Out of the single verb "to believe" come noun forms for two radically antithetical actions: belief and faith. However, when I wish to use a verb form to give expression to my faith, I still have to use "to believe," unless I happen to use an even worse formula, "to have faith."

Belief provides answers to people's questions while faith never does. People believe so as to find assurance, a solution, an answer to their questions to fashion for themselves a system of beliefs. Faith (biblical faith) is completely different. The purpose of revelation is not to supply us with explanations, but to get us to listen to questions.

Faith is, as Barth so often reminds us, in the first instance, hearing. Belief talks and talks, it wallows in words, it interpolates the gods, it takes the initiative. Faith takes an entirely opposite stance: it waits, remains on guard, picks up signs, knows what to make of the most delicate parables; it listens patiently to the silence until that silence is filled up with what it takes to be the indisputable word of God.

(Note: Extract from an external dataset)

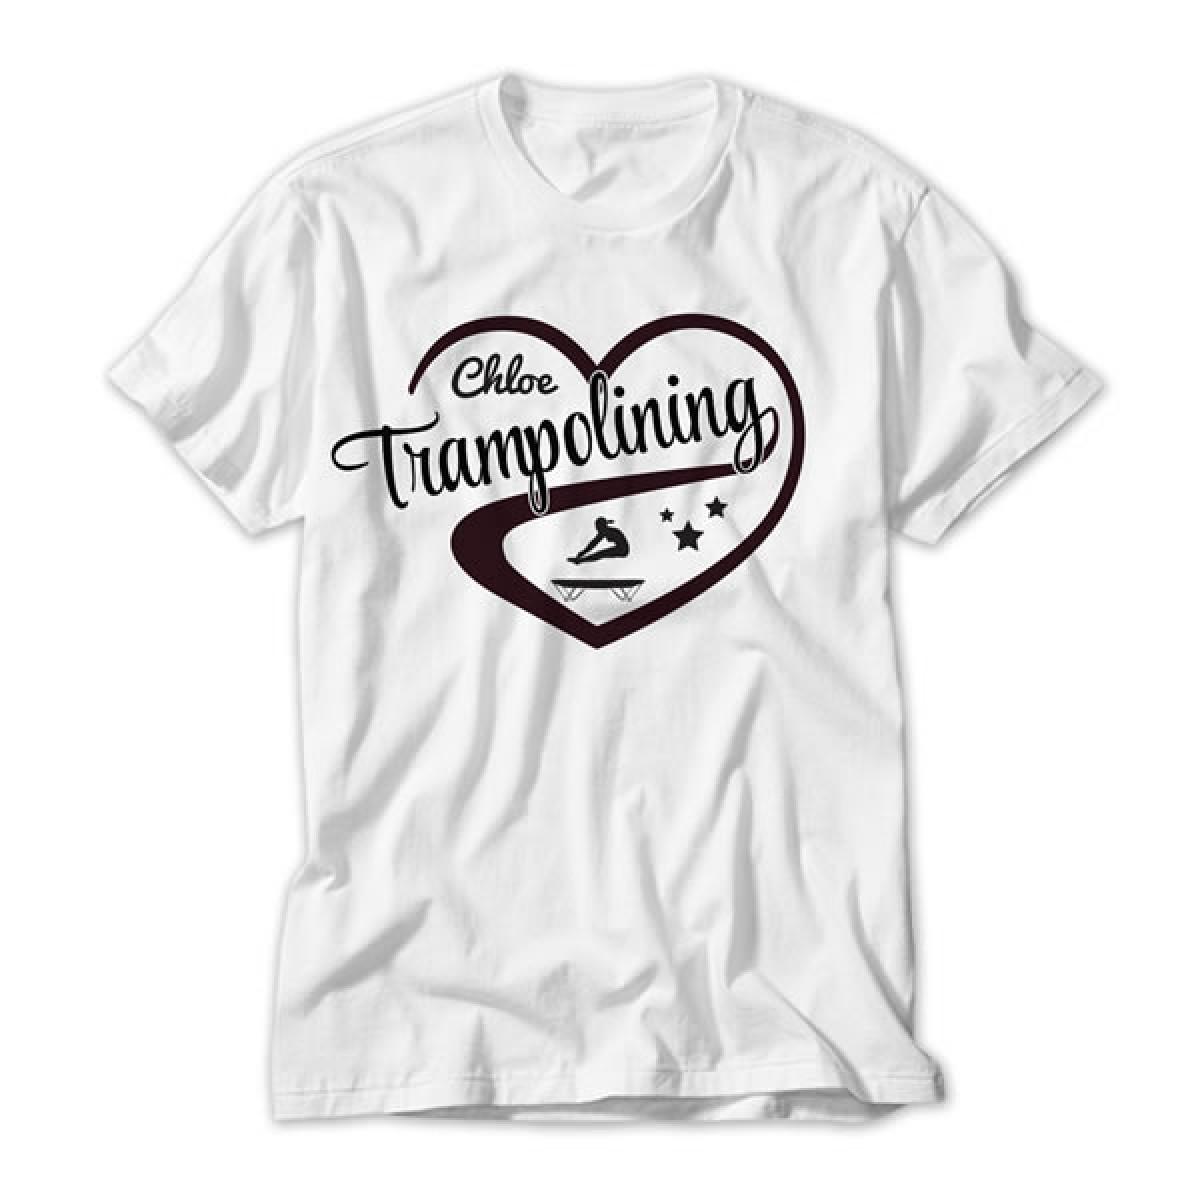 love trampolining design personalised kids t shirt. Black Bedroom Furniture Sets. Home Design Ideas

Faith isolates; belief (Christian or otherwise) brings together. We find ourselves joined with others in the same institutional current, all of us oriented toward the same object of belief, sharing the same ideas, following the same rituals, enrolled in the same organization, be it social or religious, speaking the same language. Belief is quite useful for the smooth functioning of society. Belief is the key to the consensus we look for, the one long proclaimed essential of communal life. Faith works in exactly the opposite way. Faith individualizes; it is always an exclusively personal matter. Faith is the personal relationship with a God who reveals Himself as a person. This God singularizes people, sets them apart, and confers on each an identity comparable to none other. The person who listens to His word is the only one to hear it; he or she is separated from the others, becomes unique, simply because the tie that binds that individual to God is unique, unlike any other, incommunicable, a unique relationship with a unique, absolutely incomparable God. God particularizes, singularizes the person to whom He says, "I call you by your name" (Isa. 45:4). Faith separates people and makes each of them unique. In the Bible "holy" means "separated". To be holy is to be separated from everyone else, to be made unique for the sake of a task that can be accomplished by no one else, which one receives through faith.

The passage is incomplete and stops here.